Jon Tait is a former sports journalist and postal worker, now working for the U.K.’s largest public sector trade union. In this op-ed, he discusses the dispute between postal workers and the U.K.’s Royal Mail, which has been simmering since summer.
If you’ve never read Charles Bukowski’s classic novel Post Office, I’d highly recommend it.
Because while Bukowski’s work was set in 1960s Los Angeles, my experiences of over a decade working for the Royal Mail in the U.K. were strikingly similar.
Lumping hefty bags jam-packed with mail up rows of red brick streets, dogs snapping at the heels, standing under strip lights at 6:00 a.m. throwing mail into a fitting with a plastic cup of coffee from a dispensing machine, putting up door-to-door leaflets, and panicking as the packets piled up on the top of the frame.

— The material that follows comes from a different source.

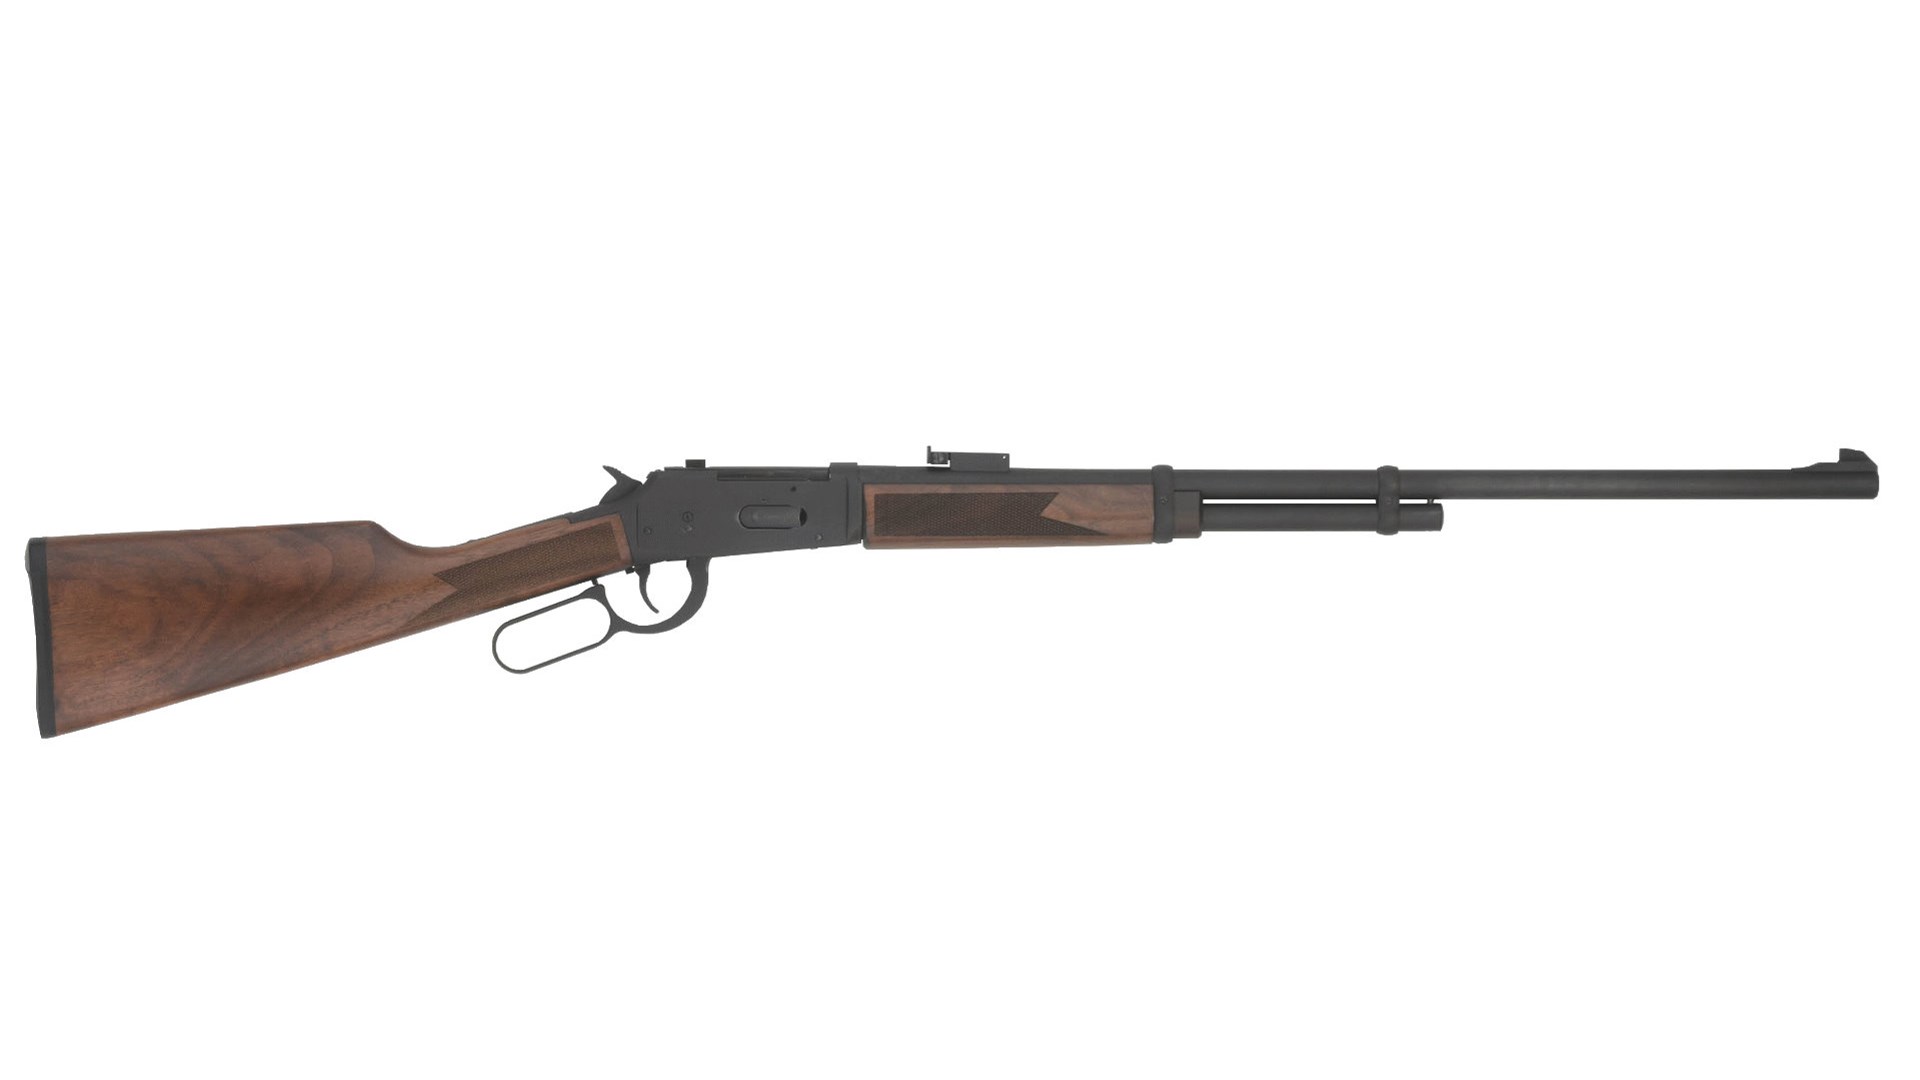 The right side of a TriStar Arms LR94 lever-action shotgun featuring a blued metal finish.

It’s all there in Post Office, baby. The same gripes and grumbles, the same workplace banter, similar characters. The impossibility of the schedule. Hank Chinaski would have had a field day writing about the job lapsing, the PDA scanning, and the demands being forced on posties by Royal Mail management today.
But industrial relations at the company have been sour for years now. Many postal workers will remember the Colleague Share scheme. A previous chairman implemented the scheme to incentivize changes. The shares were worth around £1,500 ($1,800 USD)—until it came time to cash them in when they had somehow miraculously dropped to zero.

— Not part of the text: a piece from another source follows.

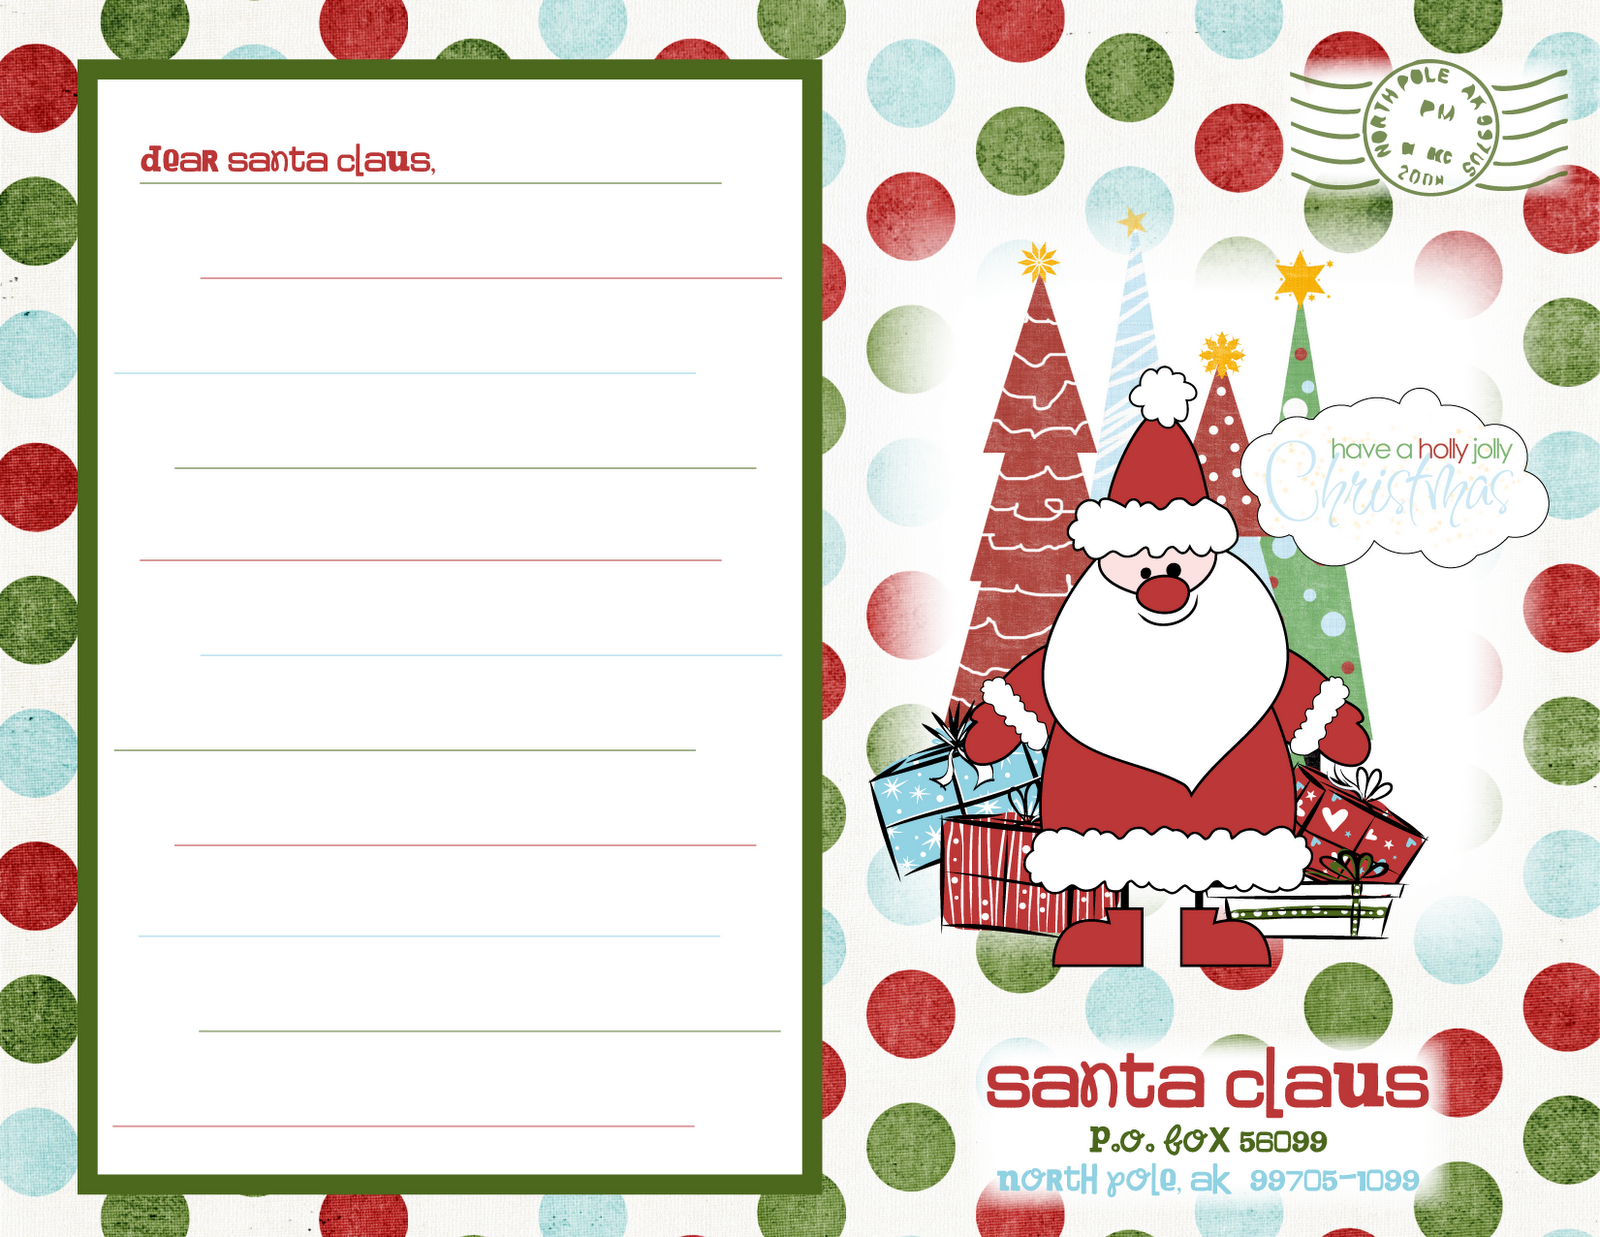 Where can you find free Santa letter templates?

Workers were similarly duped when the publicly owned service was privatized in 2013 and the shares they were given in the deal had more than halved in value by the time they could cash them in without paying income tax on them.
The 115,000 postal workers in the Communication Worker’s Union (CWU) have been embroiled in a national dispute over pay and working conditions with the company since the summer. The union wants a “reasonable and fair” pay raise (inflation is currently at 11.1% in the U.K.), and has objected to around 10,000 compulsory redundancies (layoffs), enforced Sunday working, changes to delivery times, increased automation, stopping the Universal Service Obligation (which requires that letters and parcels should be delivered to each home or business premises, on five days each week), and the ending of allowances, saying that the company was “in a race to the bottom” and wanted to turn the service into “just another parcel courier company.”
A series of one- and two-day strikes have seen pickets on the gates outside Royal Mail delivery offices and they are set to continue into the Christmas period after talks at the arbitration service ACAS broke down. Royal Mail CEO Simon Thompson has taken a hard line and seemingly refuses to back down.
The workers have been offered a 2% pay raise from April this year, a further 3.5% when an agreement is reached, which is not backdated, and 1.5% from April 2023. New entrants into the workforce are being employed on 20% less pay and worse terms and conditions than existing workers, the union claimed. Shareholders were handed £567 million ($692 million USD) in dividend payments by Royal Mail just a few weeks ago.
Royal Mail workers do so much more than just squeeze post through the letterbox. An elderly lady on one of my rounds fell outside and broke her wrist but didn’t panic as she thought I’d be there soon enough with her post and would help her. I had none that day, and it wracked me with guilt. Because posties do look out for the people in their communities. They care about the people they meet every day, however cynical they pretend to be.
The sight of the luminous orange jacket coming up the street is a British institution and the same goes for the grey uniform in America—Bukowski enjoyed being a postman and then a postal clerk. The job gets to you. The character Chinaski sneered when a colleague told him he would finally get that dedication to service in the novel, but he got it and felt he’d reached his “postal maturity.”
I got it too. That sense of comradery with my colleagues as we humped bags into the back of vans or into trolleys, stood in front of mechanical sorting machines, or tipped sacks of mail is something that stays with you, in California or Cumbria.
That’s why I’ll be back on the picket lines with them again. That’s why I’m proud to stand shoulder-to-shoulder with my friends and former colleagues. And that’s what makes the CWU so strong.
Maybe Royal Mail CEO Mr. Thompson should read Post Office too.
As with all op-eds published by People’s World, this article reflects the opinions of its author.